Companies like BASF and Umicore are also developing technologies for the zero-waste recycling of lithium and other materials from used batteries. Recycling could play a major role in the lithium supply chain, especially in Europe, where opportunities to mine the element are limited. After 2030, recycling could provide 70% of Europe’s lithium supply needs, according to the study by KU Leuven.
“For Umicore, battery recycling is key,” says Hachi Yagi, an associate scientist at the company. “It’s very important for the future. We need to invest in R&D but also new plants to have the capability to recycle the batteries in the future.”
Recycling old EV batteries has hardly begun, yet keeping battery waste in Europe is already a concern. “There’s a big risk that the scrap we generate will just be shipped elsewhere,” Eurometaux’s Heron says.
There is healthy demand for “black mass”—the mixture of metals recovered from dismantled EV batteries—in South Korea and China. The South Korean battery recycling firms SungEel HiTech and Sebit Chem successfully launched on the South Korean stock exchange during the summer. “The message to policy makers is not to be naive,” Heron says.

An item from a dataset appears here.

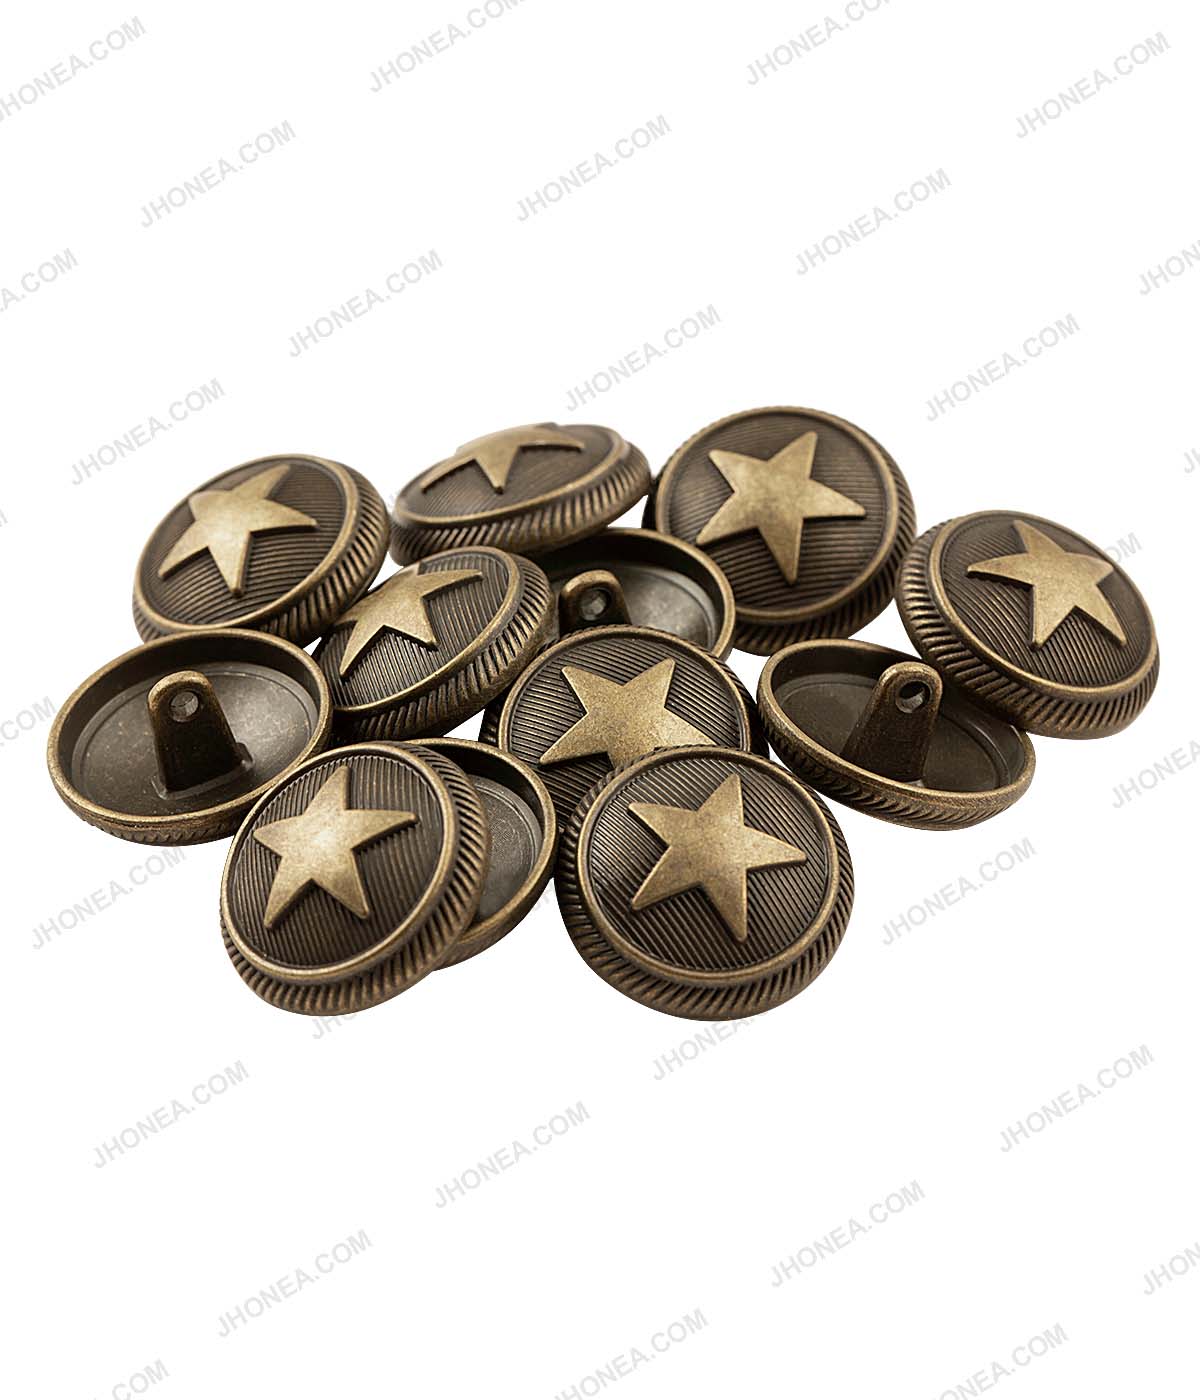 Antique Brass Star Design Metal Shank Buttons for Coats

Meanwhile, major Chinese battery companies continue to invest heavily around the world. Contemporary Amperex Technology Co. Limited, the world’s largest lithium-ion battery maker, is building a major EV battery plant in Germany and recently disclosed plans to build what could be Europe’s largest lithium-ion EV battery plant, in Hungary. Costing $7.5 billion, it will have an annual capacity to produce enough batteries to power more than 200,000 EVs.
Chinese firms are clearly unmatched in lithium-ion battery chemistry at present, but technological breakthroughs could give companies outside China a bigger share of the future lithium value chain, McKinsey’s Hoffman says.
On the other hand, a surge in the adoption of EVs in China could lead to tension over where Chinese lithium-chemical producers will direct their product, should supplies run short. “The car industry in China is growing rapidly. They will also move to EV production,” Accenture’s Elser says. “You wonder whether they can ramp up their lithium production capacity” to keep up with demand, he adds.
While Elser acknowledges the possibility of a worst-case scenario, he also suggests that lithium production outside China could grow fast enough to meet demand and that China’s dominant market position could be diluted. The global supply of lithium—and with it, the ability of many countries to transition to a more sustainable form of transportation—hangs in the balance.